I am currently tracking monthly counts for users within my product. This issue with this is I will be missing rows when a user does not have any activity in a particular month. Here is an example:
Min Month:
+---------------+
|min(year_month)|
+---------------+
| 2019_05|
+---------------+
Max Month:
+---------------+
|max(year_month)|
+---------------+
| 2020_06|
+---------------+
User Data:
+--------------------+----------+----------------------+
| core_id|year_month|month_sum_detailaction|
+--------------------+----------+----------------------+
|000006c9-d42b-4fe...| 2019_09| 3|
|000006c9-d42b-4fe...| 2020_01| 2|
|000006c9-d42b-4fe...| 2020_02| 6|
+--------------------+----------+----------------------+
As you can see, this user has only had activity in three months of the 12 months.
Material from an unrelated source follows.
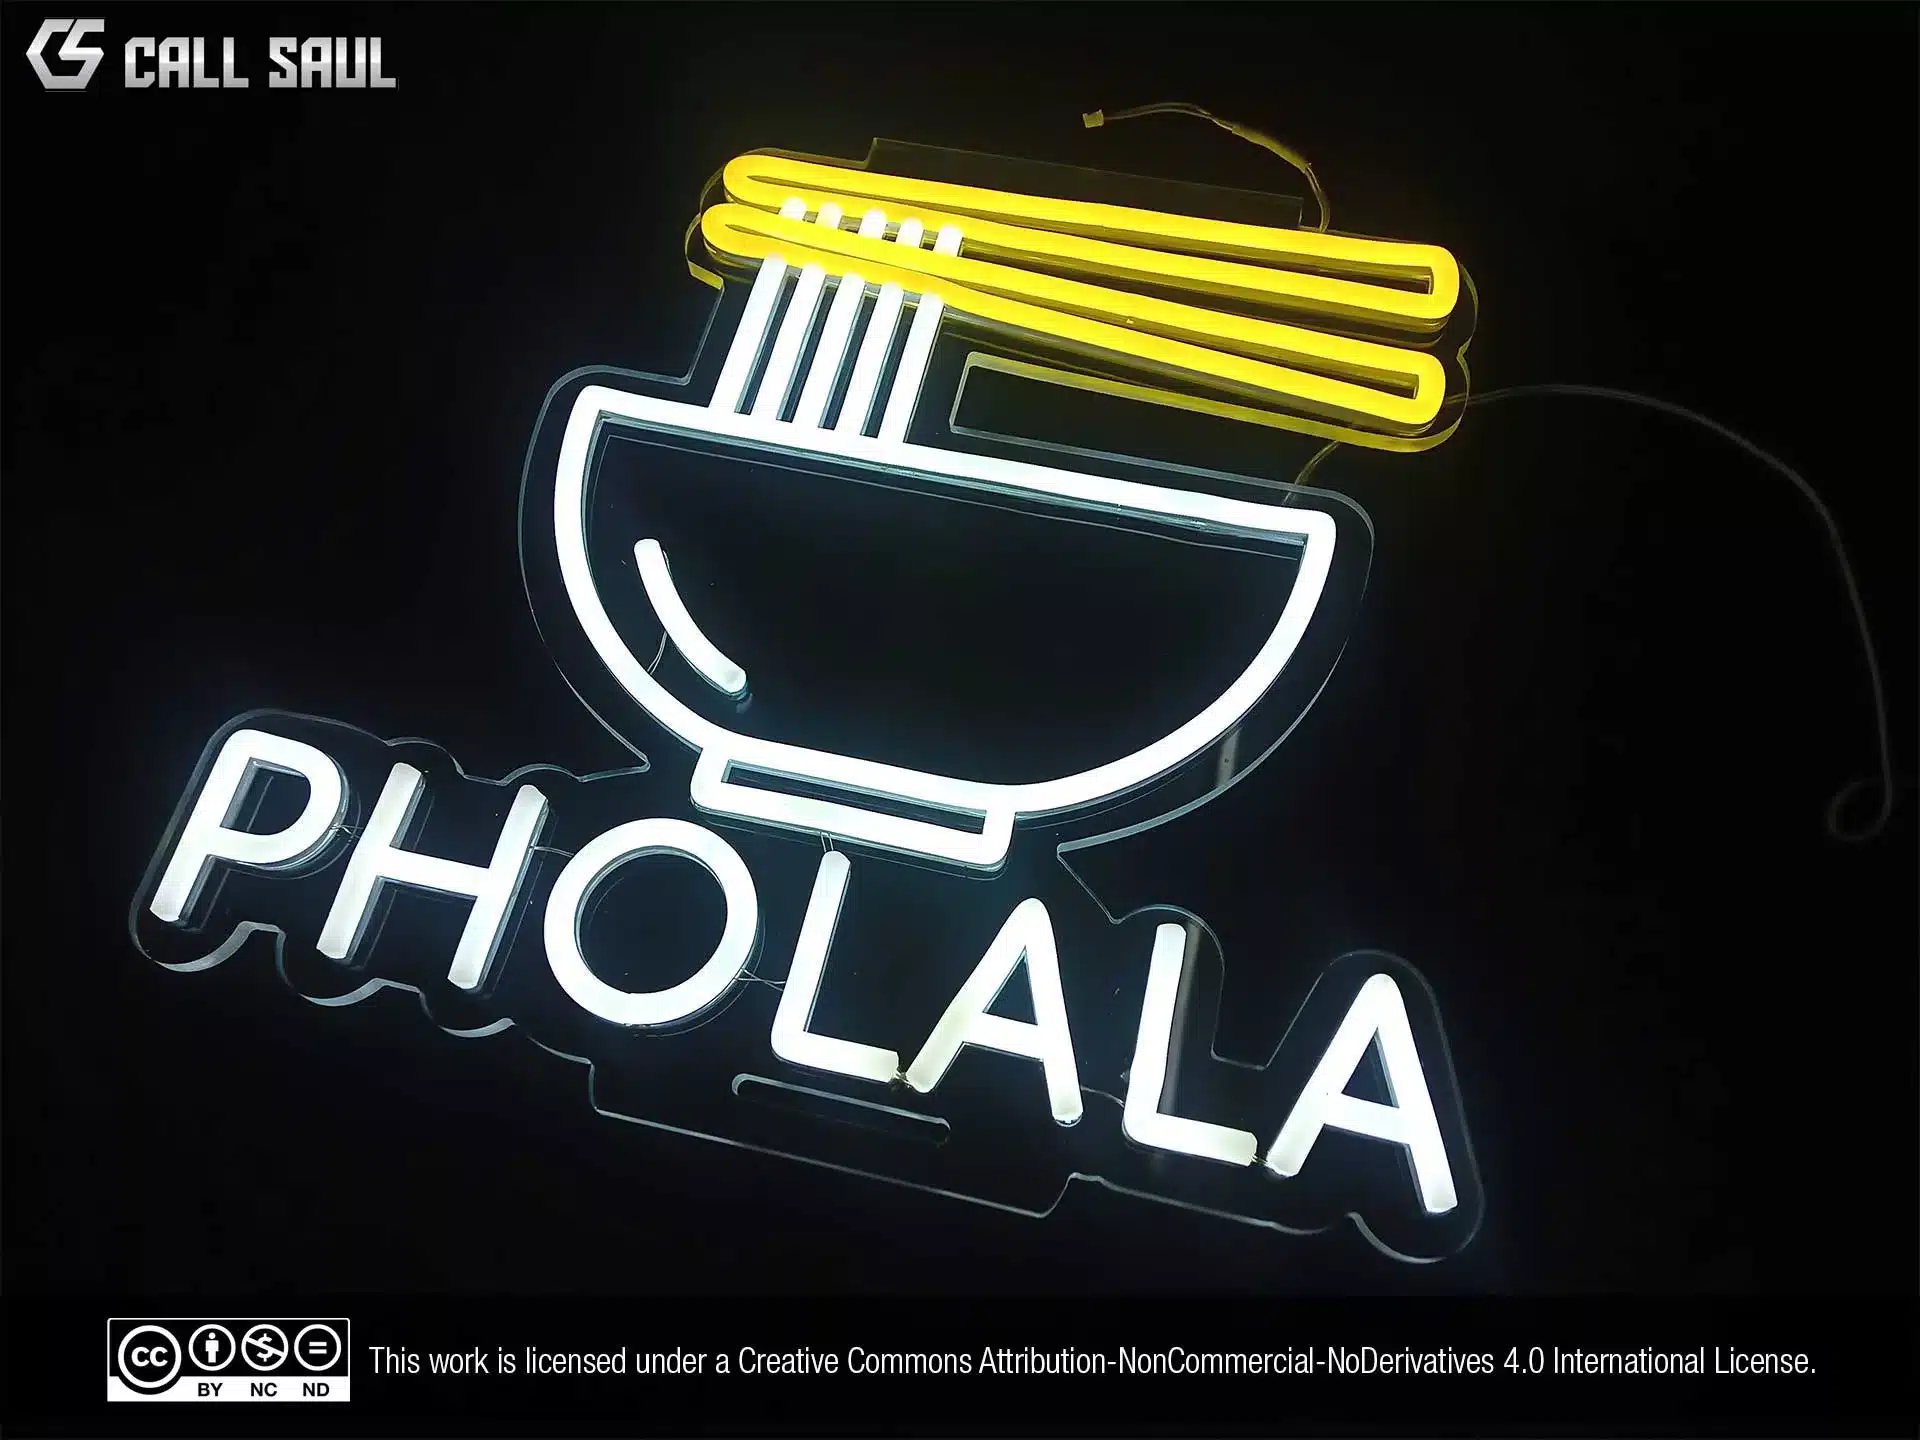 The Eating Factory Pholala Cool White and Golden Yellow Color LED Neon Sign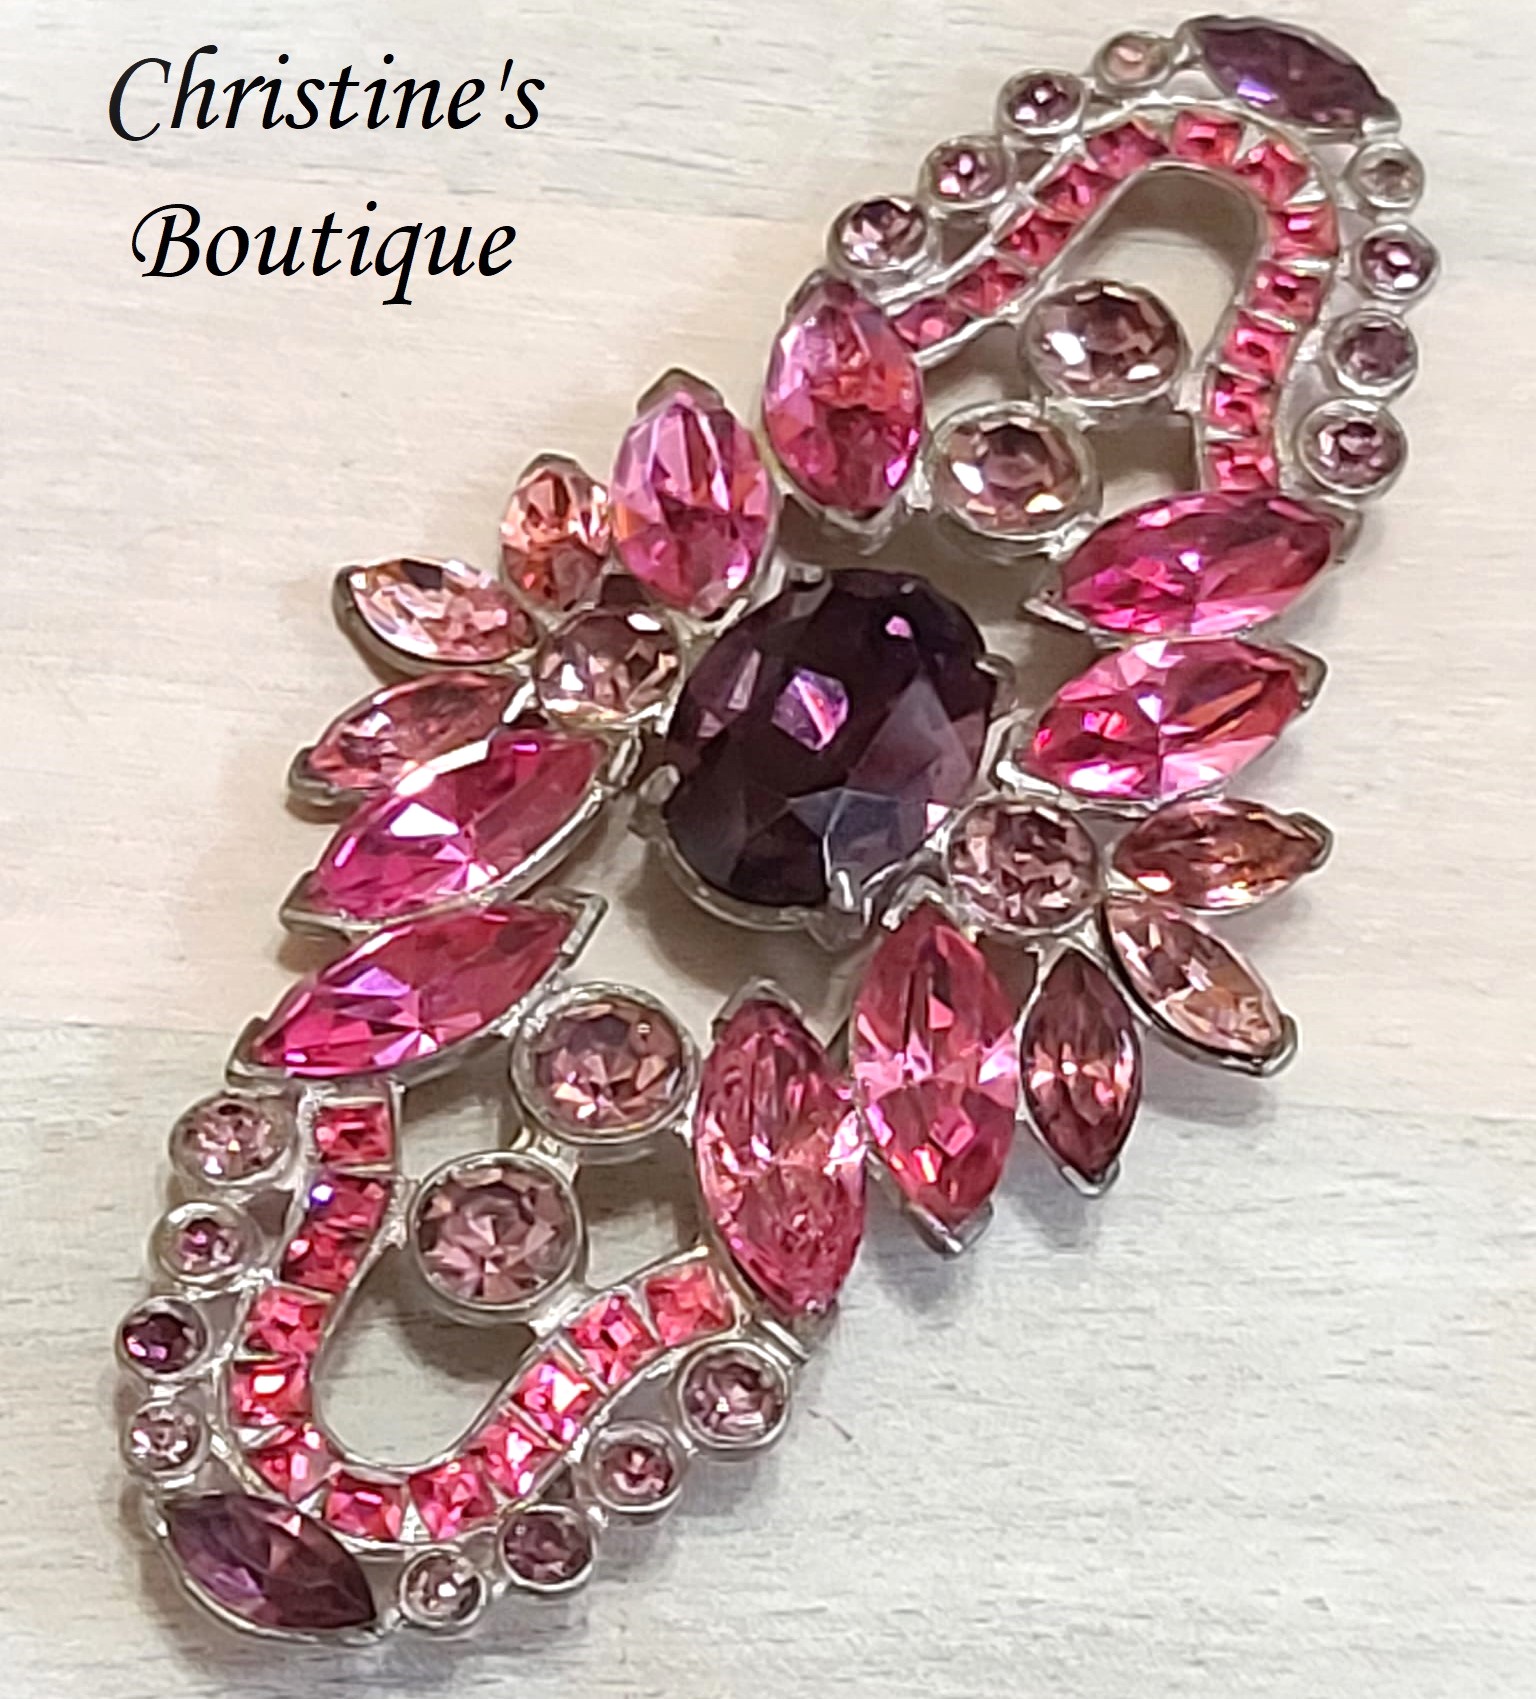 Vintage statement brooch, pin rhinestones pin with purple and pink rhinestsones 3 1/2"

Would I would like to do is update the data for each user to look something like this:
+--------------------+----------+----------------------+
| core_id|year_month|month_sum_detailaction|
+--------------------+----------+----------------------+
|000006c9-d42b-4fe...| 2019_05| 0|
|000006c9-d42b-4fe...| 2020_06| 0|
|000006c9-d42b-4fe...| 2020_07| 0|
|000006c9-d42b-4fe...| 2020_08| 0|
|000006c9-d42b-4fe...| 2019_09| 3|
|000006c9-d42b-4fe...| 2020_10| 0|
|000006c9-d42b-4fe...| 2020_11| 0|
|000006c9-d42b-4fe...| 2019_12| 0|
|000006c9-d42b-4fe...| 2020_01| 2|
|000006c9-d42b-4fe...| 2020_02| 6|
|000006c9-d42b-4fe...| 2020_03| 0|
|000006c9-d42b-4fe...| 2020_04| 0|
|000006c9-d42b-4fe...| 2020_05| 0|
|000006c9-d42b-4fe...| 2020_06| 0|
+--------------------+----------+----------------------+
I'm relatively new to pyspark so any help would be much appreciated.